A way to solve the above issue would be to add explicit documentation about inputs and outputs, for example by implementing the Open Provenance Model into the lineage system, which specifies explicit, abstract definitions for interactions between datasets and tasks.

Wait, this suddenly got really complicated, can’t we simply use an existing tool?

Tools

While there are many tools that can help you achieve a well-maintaned lineage, there is not a clear-cut winner, and the advantages of their adoption depend strongly on your current workflow and use case. For many analysts, a simple hand-drawn graph may be enough, and if the collection methods and tasks are highly manual in nature (for example, if the dataset is delivered by email) it may be the best option available.

For more sophisticated use cases, as is the case of an enterprise, there are many technology-dependent tools, such as Manta for SQL or Cloudera Navigator for Hadoop. Unfortunately, such solutions require that all of the data transformations are done using a specific technology, or else they may not be registered in the lineage. Furthermore, they are often packaged together with Data Quality and Data Governance solutions, which may be beyond the scope of a simple system or workflow. Furthermore, many tools are still in the development or maturing phase, which poses risks for their adoption.

A Simple Solution

When the use case isn’t simple enough to maintain manually, but not big enough or complex enough to be enterprise-level, or if you are using many different technologies that are not supported by a single lineage tool, maintaining a lineage graph can be a pain, especially if your tasks have many outputs a lot of the time.

However, by rethinking your tasks and ensuring they are single-output and atomic (that is, independent of any other task execution or dataset but their inputs), you can go from a very obscure, complex lineage graph, to a clear, simple one like this:

Single-Output Lineage

With this graph, because the tasks are single-output, you don’t need to make explicit the relation between inputs and outputs, and the lineage of a specific dataset is simply the collection of nodes and edges that can reach it.

Readers with some math experience or training may have noted that the lineage graph in both this and the previous case is a DAG, which endows it with a lot of nice mathematical properties such as topological ordering that make working with it relatively painless. It is also easy to understand the single-output, atomic task as a function, and then the full pipeline can be seen as one or many function compositions, with each lineage an evaluation of these compositions.
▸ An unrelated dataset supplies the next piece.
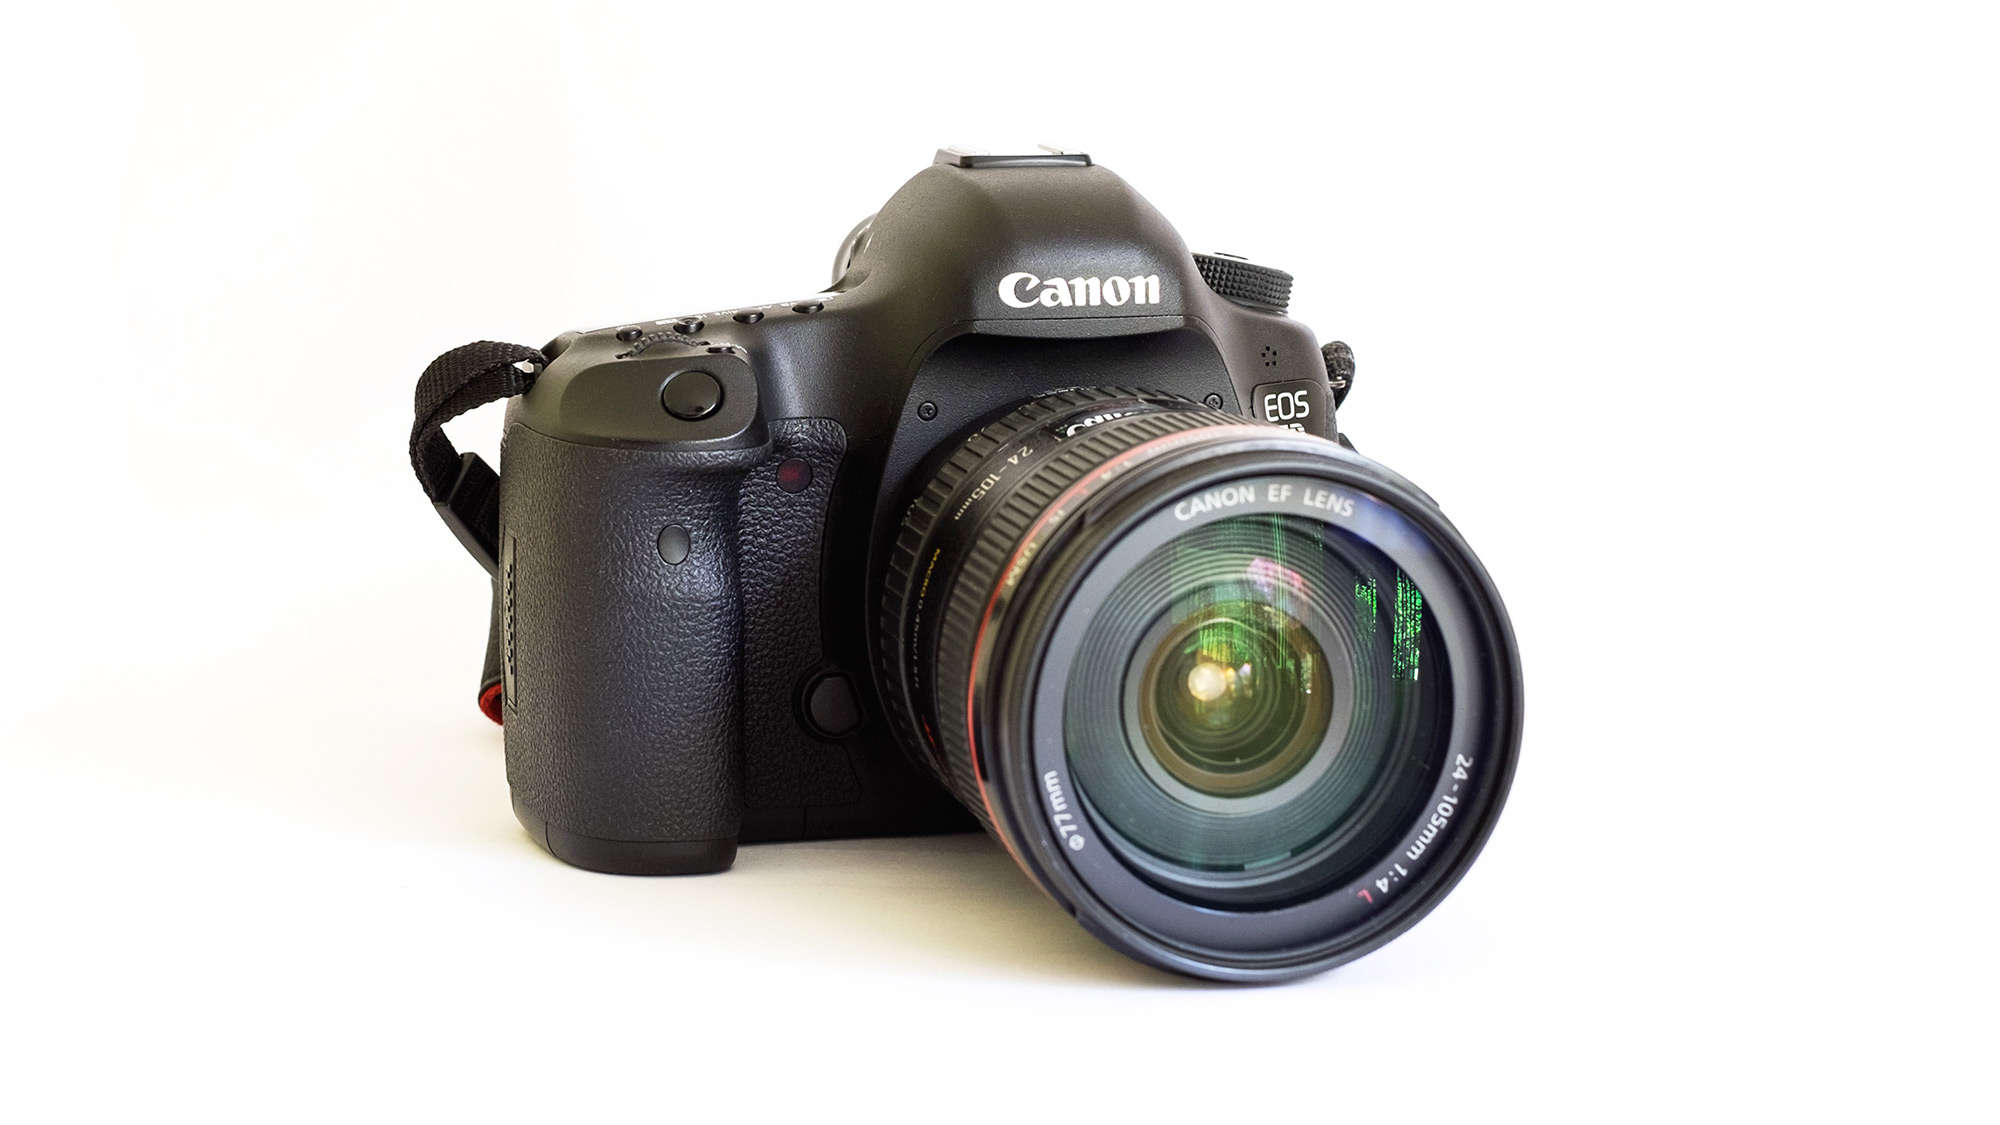 Canon 5D Mark III Digital SLR

The question remains, How do we actually maintain such a graph? For simple use cases, it is enough to build an API or Web service that maintains the graph, adding the necessary nodes and edges. The service could use a graph database as backend, and check that no inconsistencies are inserted (for example, a dataset cannot be output of two different tasks). Then to retrieve the lineage of a dataset one would query the service for such a dataset, and the service could then query the backend. In Datank we are working in such a service, and plan to release it soon as an open-source tool for anyone to use and extend.

In this high-level lineage (also called coarse-grained lineage, as opposed to fine-grained lineage), it is enough to know what each task does and the parameters for each task execution to describe the lineage of a dataset. If the root node of each lineage query is a dataset delivered by the customer, and there is confidence that each task is correctly implemented, data denialism should be harder to justify.

Debugging and Fine-grained Lineage

A more complex use case is when we need to know the specific operation that generated each single datum (for example, a graph of low level operations for each single row). Such low level information would be needed for debugging. That is, if we suspect an output datum to be “wrong”, we would like to know exactly how it came about it, so that we can say where is the faulty operation. Fine-grained lineage is exactly the storing and management of that low level information.

Unfortunately, tools for this are scarce and most of them, such as Newt and Titian are technology-specific and have not materialized in a commercial or open-source product. We could say that fine-grained lineage tools are still in their infancy.